The National Hurricane Center warns that Katrina is “potentially catastrophic,” and the levees may be “overtopped.”

Some 36,000 evacuees crowd into the Superdome.

Mayor Nagin orders a 6 p.m. curfew.


The sight of so many people waiting to get into the Superdome had a sobering effect on Gary and me, and we both tried to hide our uneasiness as we unloaded the patrol car in front of the Correctional Center.

“We’ll have to make three trips, maybe four.” Gary stared at the stuff piled in the trunk and picked up a carton of bottled water.

“We have all night.” I lifted two boxes of food and led the way up the two dozen front steps.

“This water is really heavy,” Gary said, panting when we reached the wide porch that surrounded the building. The first floor was twenty feet smaller than the nine stories above, and large cement columns supported the upper stories, creating an overhang that formed a ceiling for the porch.

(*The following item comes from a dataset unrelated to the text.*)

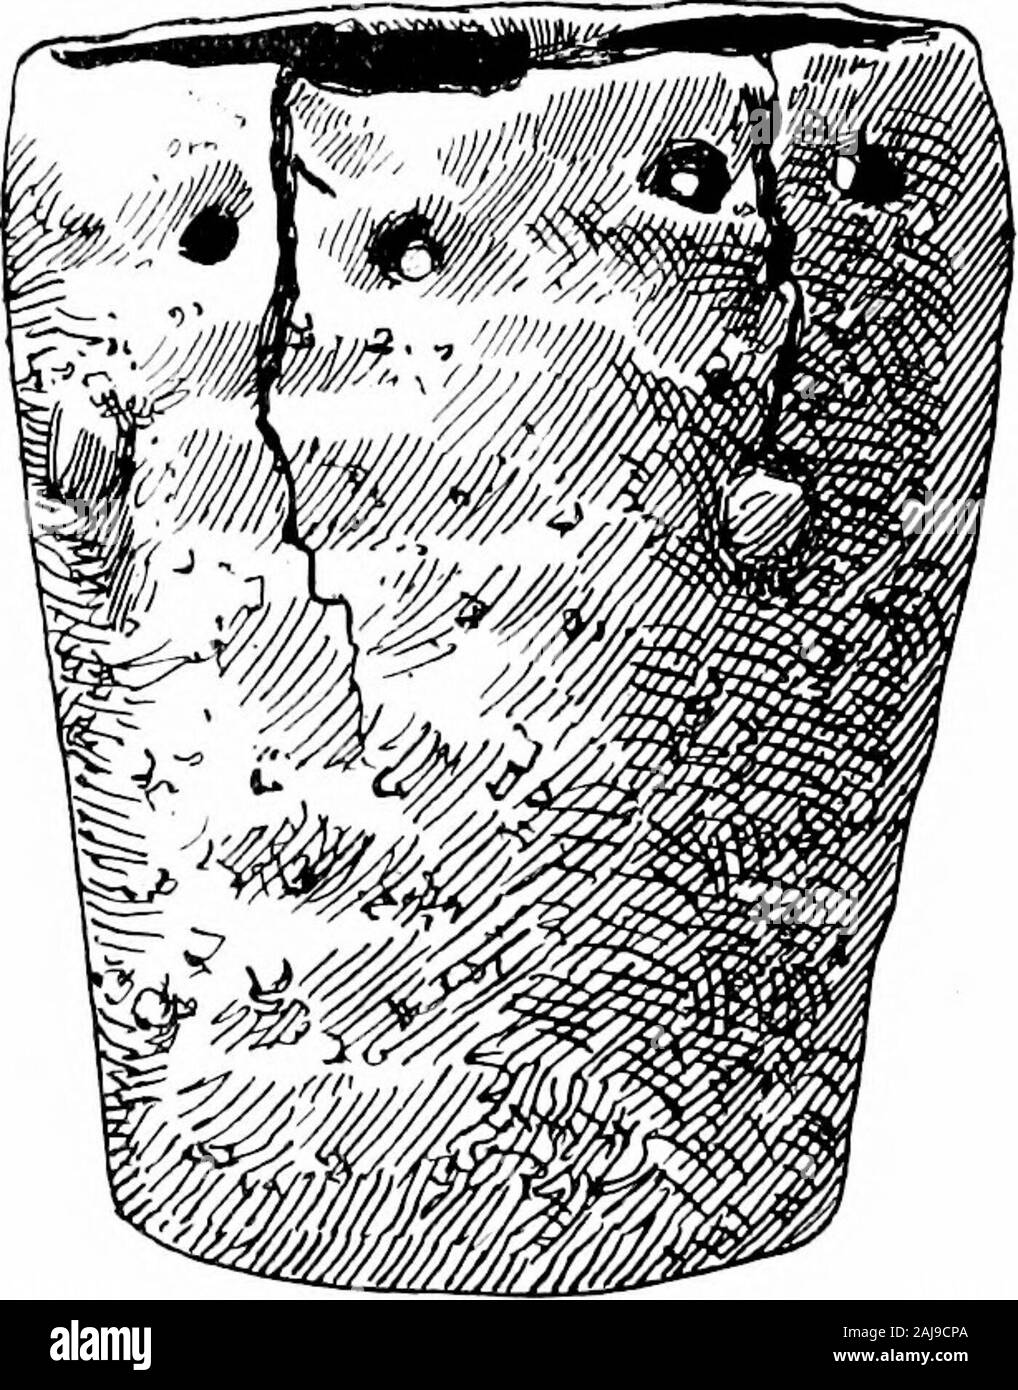 Ein Führer zu den Antiquitäten aus der Bronzezeit in der Abteilung der Britischen und mittelalterliches Antiquitäten. gh und 16 Fuß von Osten nach Westen. In dieser Masse waren foundlarge Urnen mit Abdeckungen offlint oder Sandstein, andsmaller Schiffe, indicatingnearly 50 Bestattungen hier. Eine kleine Serie von Essen - Schiffe aus Schottland andIreland, Letztere (Platte v, 4-6), in der bestimmte Pecu - liarities, und darunter eine schüsselförmige Sorte (Platte V, 5 J confinedto, die Insel. Es ist so, dass die ornamentik Der periodreaches ihre höchste Entwicklung. Co.Um mehr als fiftystone cists mit verbrannte Knochen gefunden wurden Stockfoto

“Don’t complain. It’s good exercise.” I halted as two grade school boys ran past me, laughing and shrieking. When an elderly man walked around the corner, the boys stopped to pet his small dog.

Here we go again, I thought. Every time we had a hurricane alert the deputies brought spouses, children, or parents to shelter at the jail. That was understandable; unlike most houses in New Orleans, these buildings were made to withstand the weather. But the thought of all those civilians made me uncomfortable. I worried for their safety. I didn’t like the idea of inmates sleeping in such close proximity to children and their animals. Cats in cages were bad enough, but some of the families even brought pet rabbits!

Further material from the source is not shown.